The museum of the year shortlist included the Hayward Gallery and the Tate Britain in London and the Ditchling Museum of Art in East Sussex."


Monday, 30 December 2013

Angie Lewin at Yorkshire Sculpture Park

I've seen Angie Lewin's prints on greetings cards, but never in their original state, so I was keen to visit her 'A Natural Line' exhibition at Yorkshire Sculpture Park.

I enjoyed seeing the sketches and studies that lead to the finished work. 





Sometimes I find her large prints to be too cluttered, but I found her smaller scale work was simpler which I prefer.




Similarly, the small studies on driftwood are not too dense, and the unusual shapes forces Lewin to adapt the composition to suit the driftwood.








Wednesday, 20 March 2013

Garth Evans at Longside Gallery

I'm looking forward to seeing this exhibition when I visit Yorkshire in April.

www.ysp.co.uk

The Arts Council Collection presents a new exhibition of sculpture by Garth Evans, selected by his friend and former student Richard Deacon, which will open at Longside Gallery, Yorkshire Sculpture Park on 23 March 2013.

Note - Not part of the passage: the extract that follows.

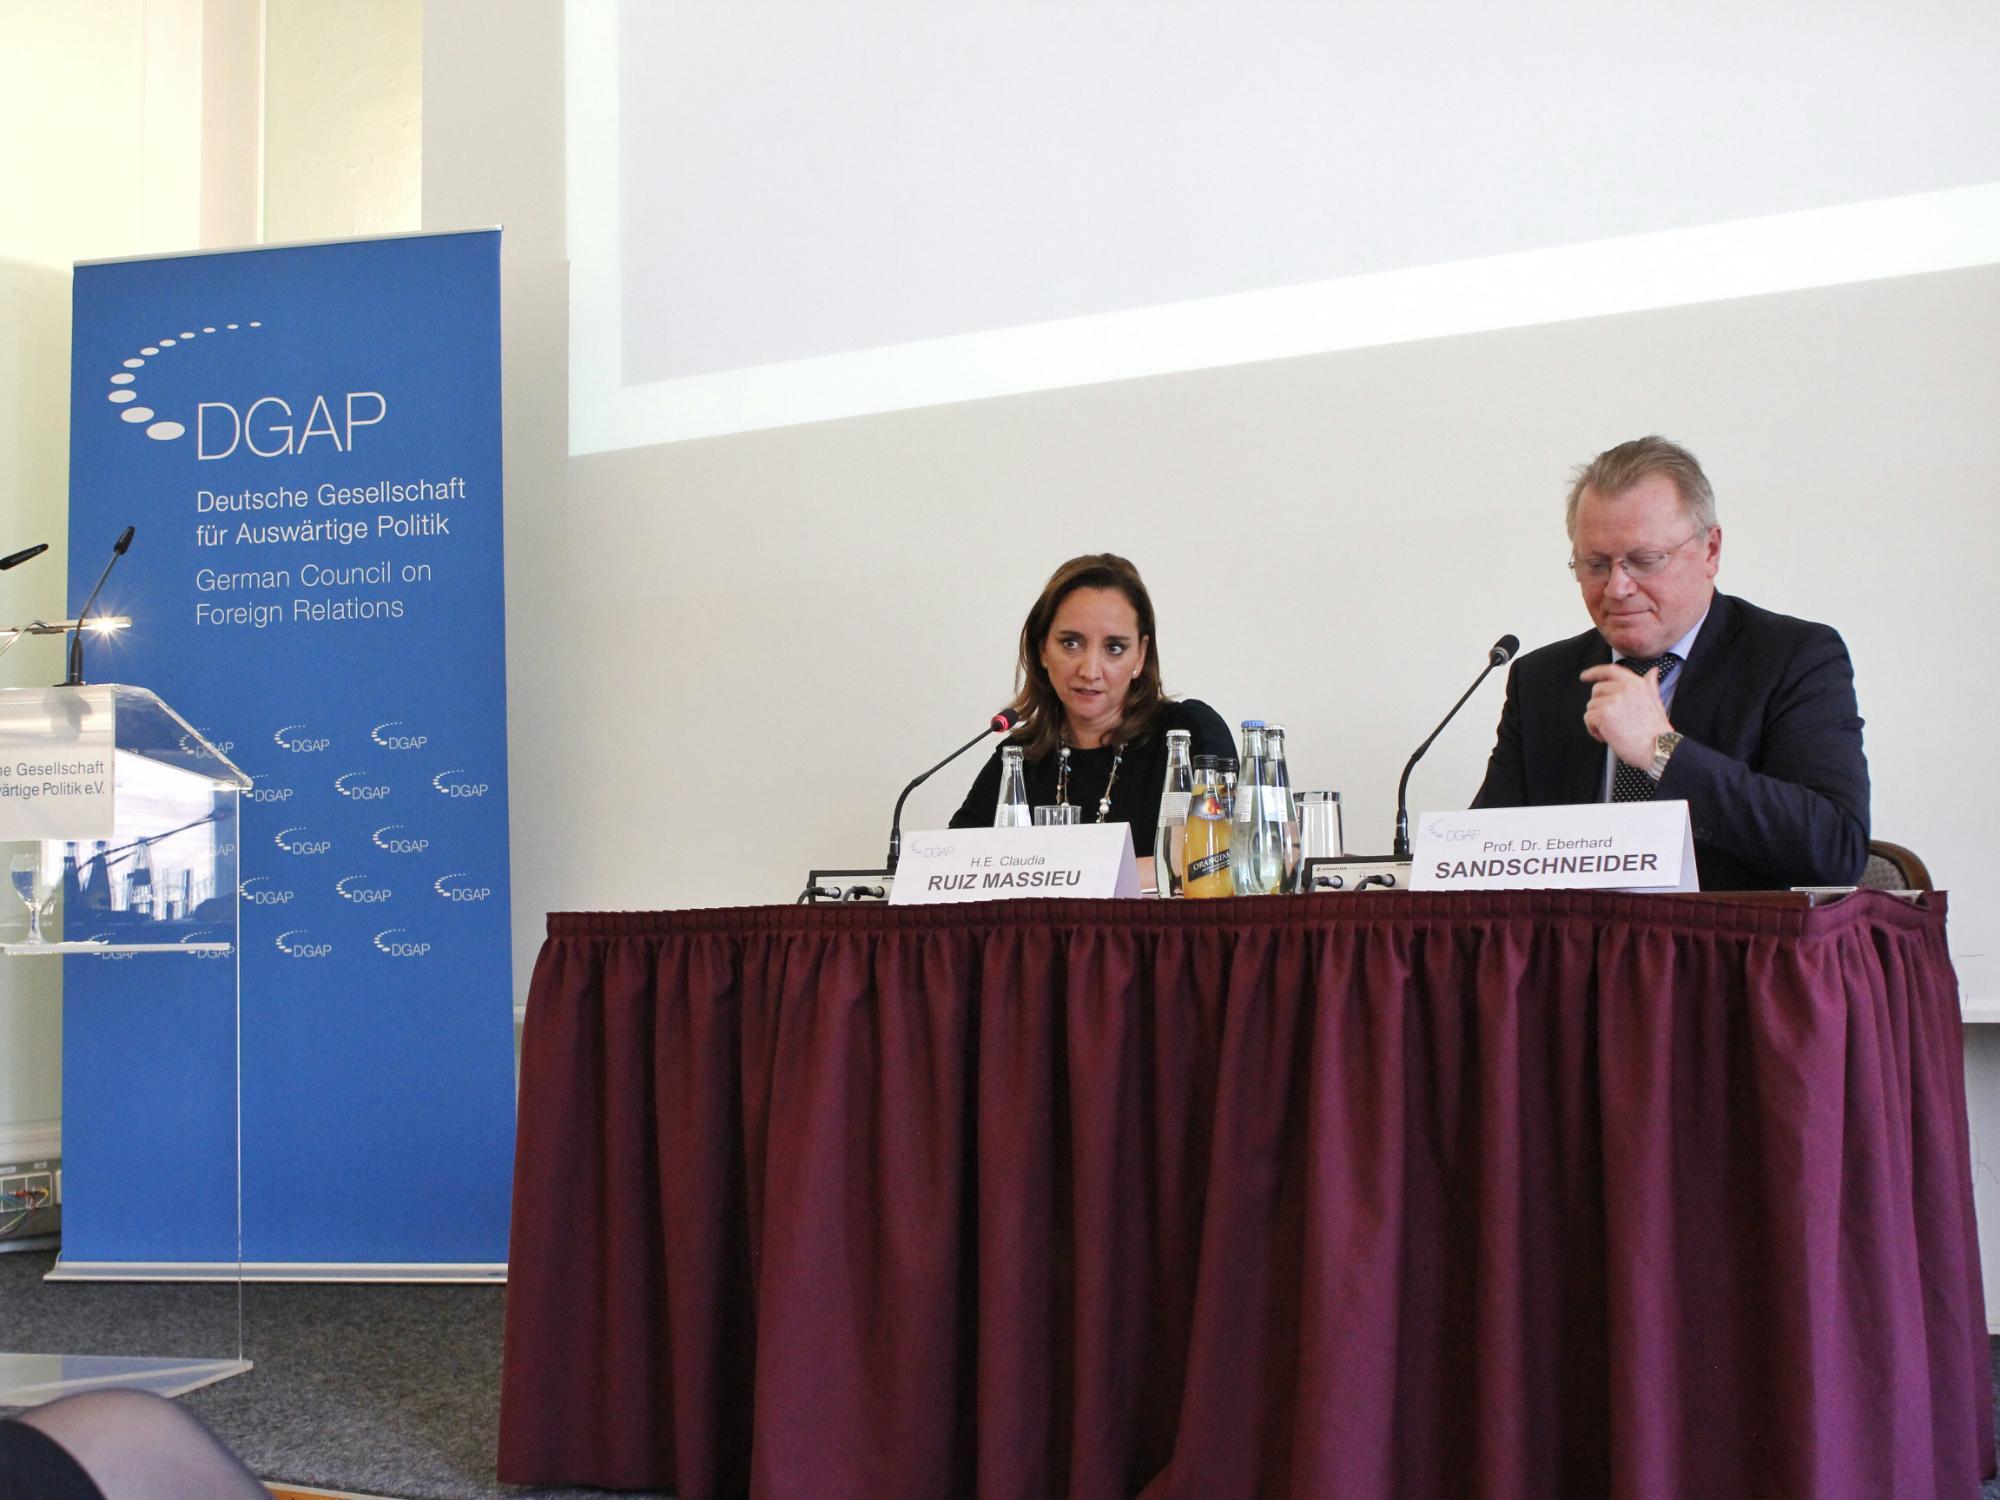 FOTO 2 Cacnciller Claudia Ruiz Massieu ofreci  una conferencia magistral en el Consejo Germano de Relaciones Exteriores.jpg

This is the first major Garth Evans exhibition in the UK in over 20 years and will feature 28 works spanning the period 1959–1982, many drawn from the Arts Council Collection. The show will reconsider Evans' contribution to sculpture in this formative period, moving from early reliefs, to large colourful fibreglass sculptures through to entirely floor-based works. It will include a re-creation of Evans' seminal work Breakdown (1971) which was stolen shortly after its first public viewing. Evans has recreated the work based on surviving drawings, photographs and original plans and it will be installed immediately outside the Longside Gallery.

Born in Manchester in 1934, Evans studied at the Slade School of Art (1957–60), exhibiting regularly in London from 1962 until 1991. One of Britain's most innovative sculptors—a generation younger than Anthony Caro and coming before the New  British Sculptors of the 1980s, which included Richard Deacon as well as Tony Cragg and Richard Wentworth. Evans is known for his use of geometric, asymmetrical forms and a commitment to using everyday materials such as plywood, fibreglass and polythene. Evans influenced a generation of British sculptors not just through his innovative approach to sculpture but also as a teacher at Central St Martin's School of Art.

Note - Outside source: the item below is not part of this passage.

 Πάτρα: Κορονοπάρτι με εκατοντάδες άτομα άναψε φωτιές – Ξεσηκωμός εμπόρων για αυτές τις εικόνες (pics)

Turner Prize winner Richard Deacon's selection of Evans' work results from extensive conversations between the two sculptors and focuses on work created in the first two decades of Evans' long and varied career. The show will bring together the Arts Council Collection's significant holdings of Evans' work, alongside key loans from major UK collections including the British Museum, Leeds Museums and Galleries and Tate as well as a selection of key pieces from the artist's studio. It will feature many sculptures that have not been seen in public since they were first exhibited in the 1960s and 70s.

Influenced early on by American Abstract Expressionism in painting, one of Evans' central preoccupations was how to create sculptural forms that carried no reference to the world. Pieces such as Untitled No. 37 (1967) will show how Evans investigated this, working with the then new, versatile and lightweight medium of fibreglass, to depart from the sculptural traditions in bronze inherited from Henry Moore and Barbara Hepworth.

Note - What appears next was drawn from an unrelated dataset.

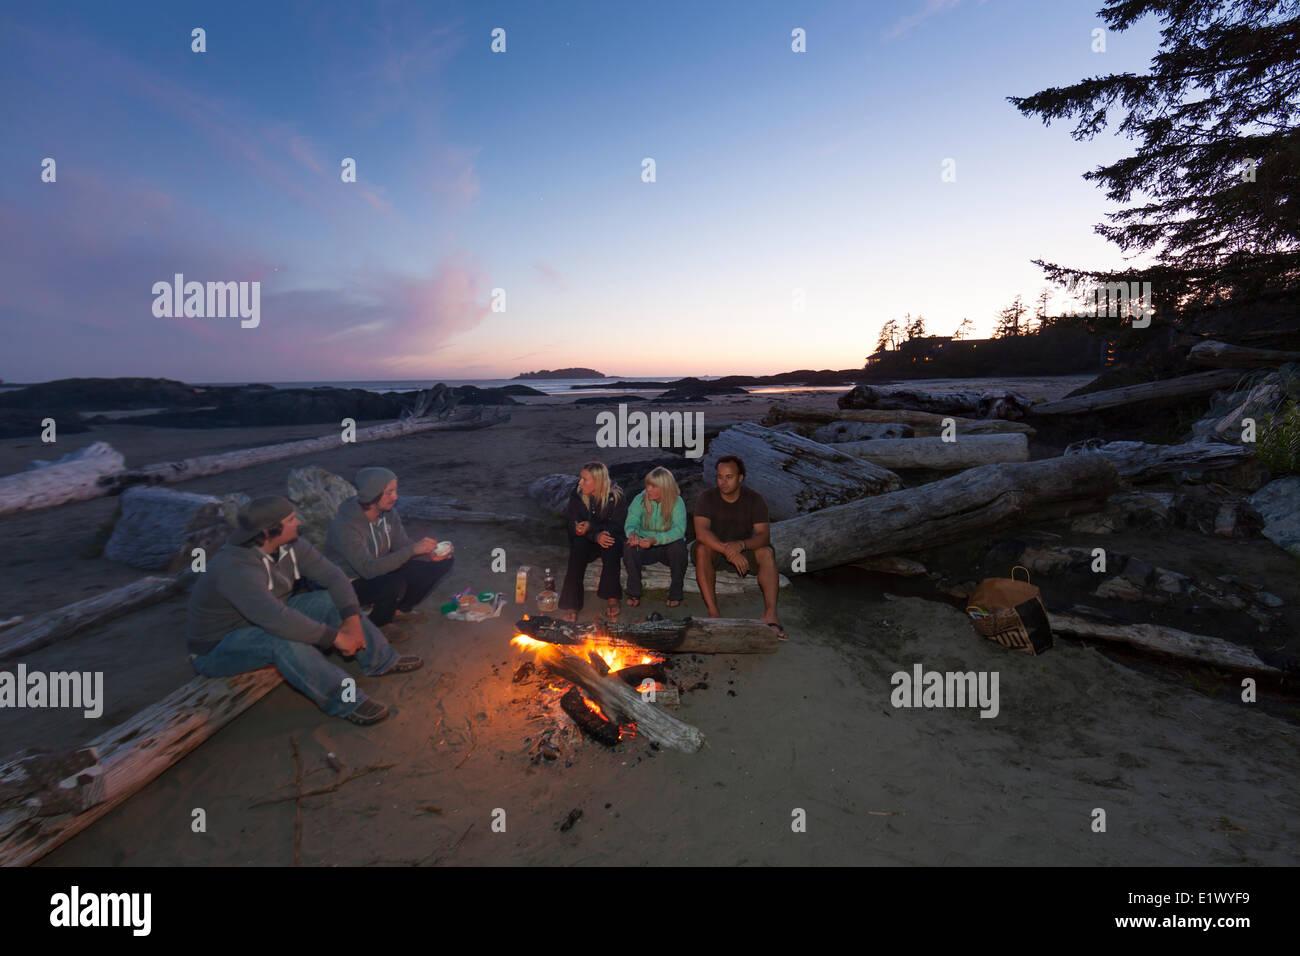 Los amigos se reúnen alrededor de un fuego para bocadillos de conversación en Chesterman Beach. Tofino Imagen De Stock

Evans' 'carpet' pieces of the 1970s will also be exhibited, and will demonstrate his testing of a variety of materials including polythene, which he used to form a tactile sculptural membrane in St Mary's No 1 (1978). Later pieces such as Wedge II (1979), made from the salvaged debris from a collapsed shed outside Evans' studio, demonstrate the radical departure the artist instigated in British sculpture in the 1970s. Evans' achievements of the 60s and 70s were perhaps overshadowed by his almost immediate retreat from the British art scene, moving to the USA in 1979. Dramatic new directions are also apparent in the series of 41 drawings he made in the US in 1982. The Yaddo Drawings, 11 of which have been borrowed for this exhibition from the British Museum, where made during a five-week residency at the Yaddo artist colony in Saratoga Springs, New York. Exuberant and inventive, the drawings introduce a multitude of forms and 'bodies' that anticipate later work.